MATERIAL SUPPLIED:

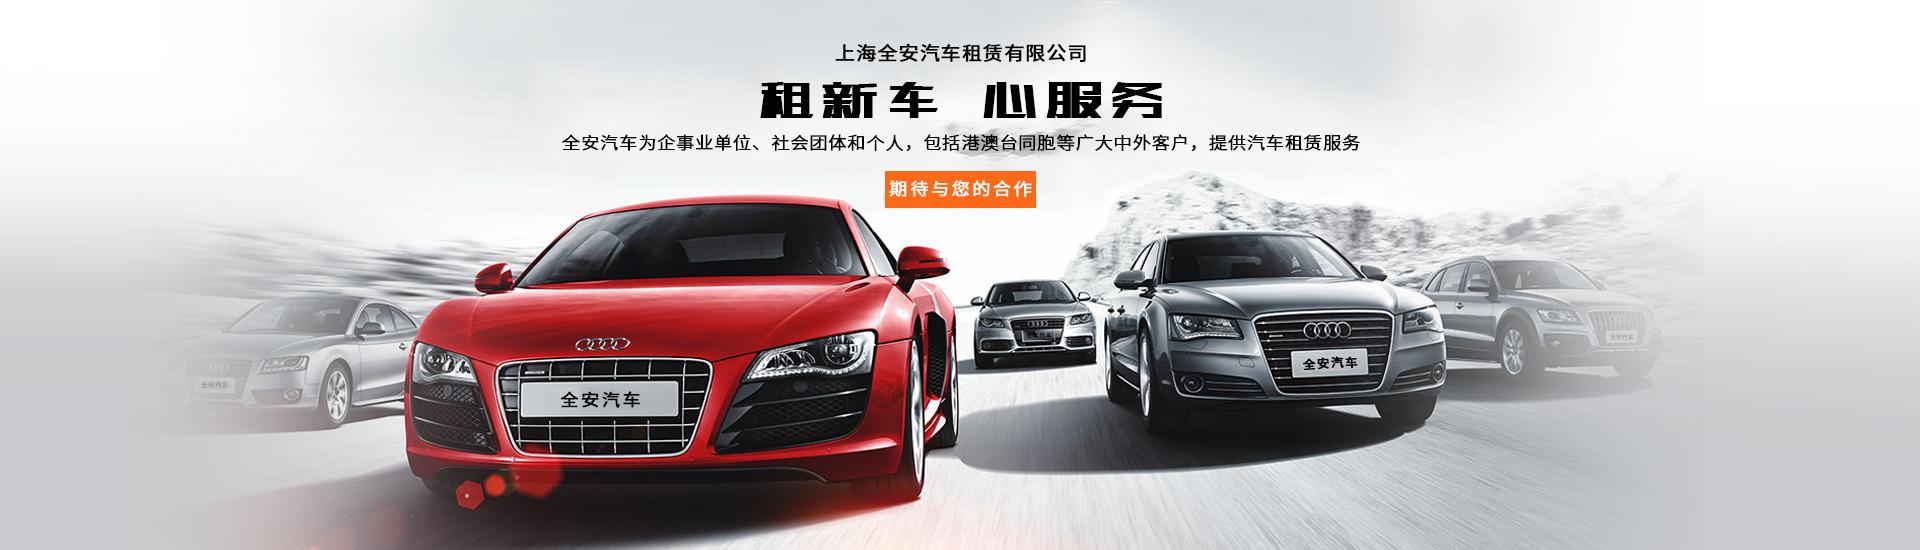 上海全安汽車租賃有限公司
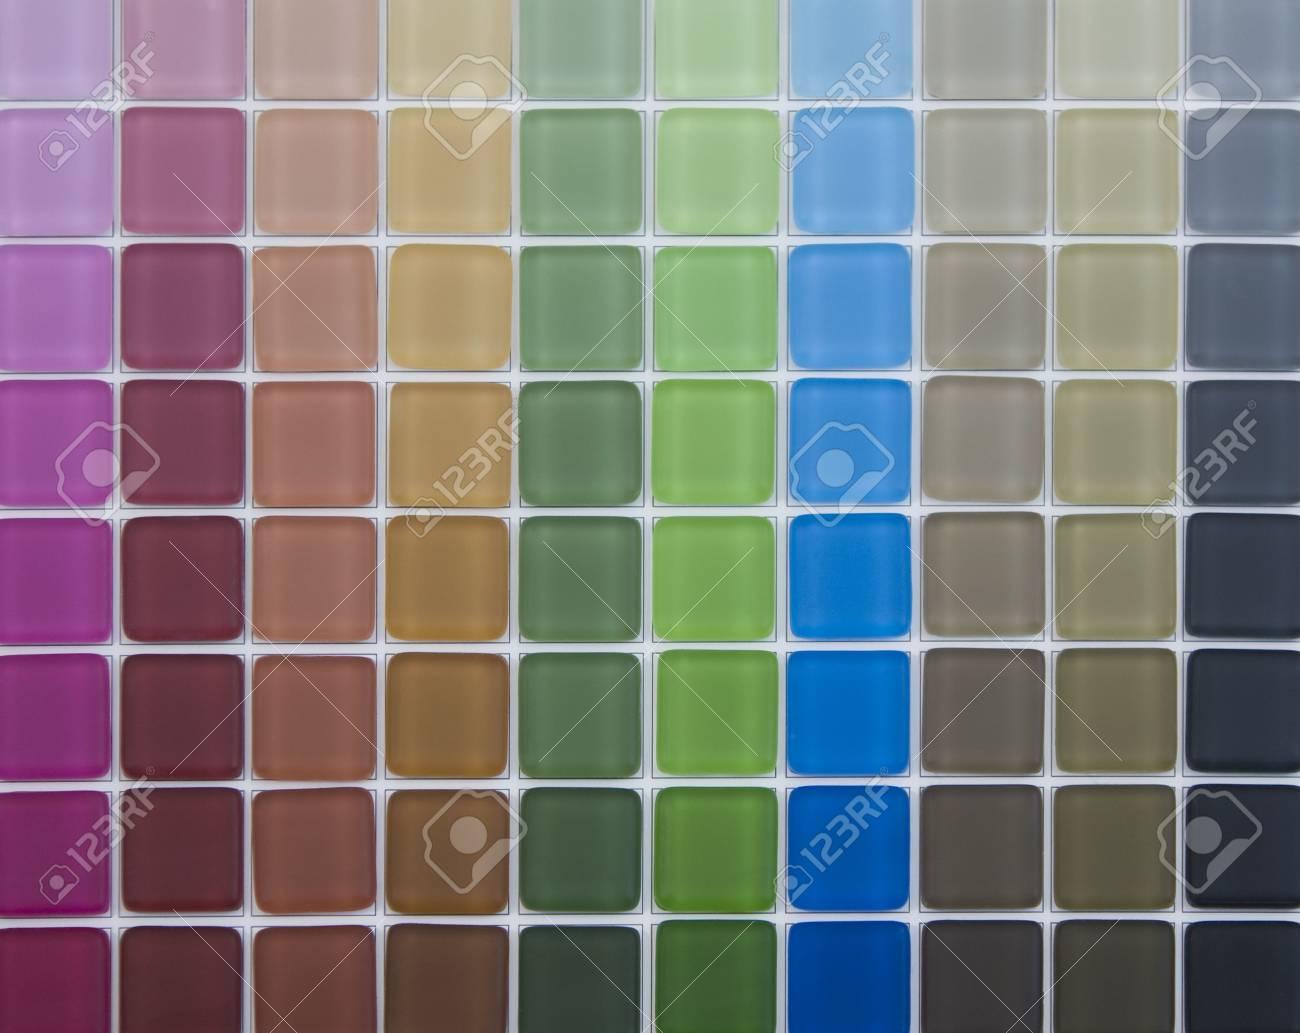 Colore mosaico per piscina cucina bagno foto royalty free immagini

* * *

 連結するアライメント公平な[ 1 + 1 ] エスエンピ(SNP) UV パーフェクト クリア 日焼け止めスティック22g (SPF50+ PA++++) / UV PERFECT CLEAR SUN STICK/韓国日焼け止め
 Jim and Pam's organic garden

==

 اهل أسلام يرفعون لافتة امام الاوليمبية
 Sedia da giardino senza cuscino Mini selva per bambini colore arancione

EXERCISE DIRECTIONS: Only the lines above starting at the one containing "連結するアライメント公平な[ 1 +" and ending at the one containing "Jim and Pam's organic garden", both included, are to be returned, exactly as they read.

RESPONSE BOX:
 連結するアライメント公平な[ 1 + 1 ] エスエンピ(SNP) UV パーフェクト クリア 日焼け止めスティック22g (SPF50+ PA++++) / UV PERFECT CLEAR SUN STICK/韓国日焼け止め
 Jim and Pam's organic garden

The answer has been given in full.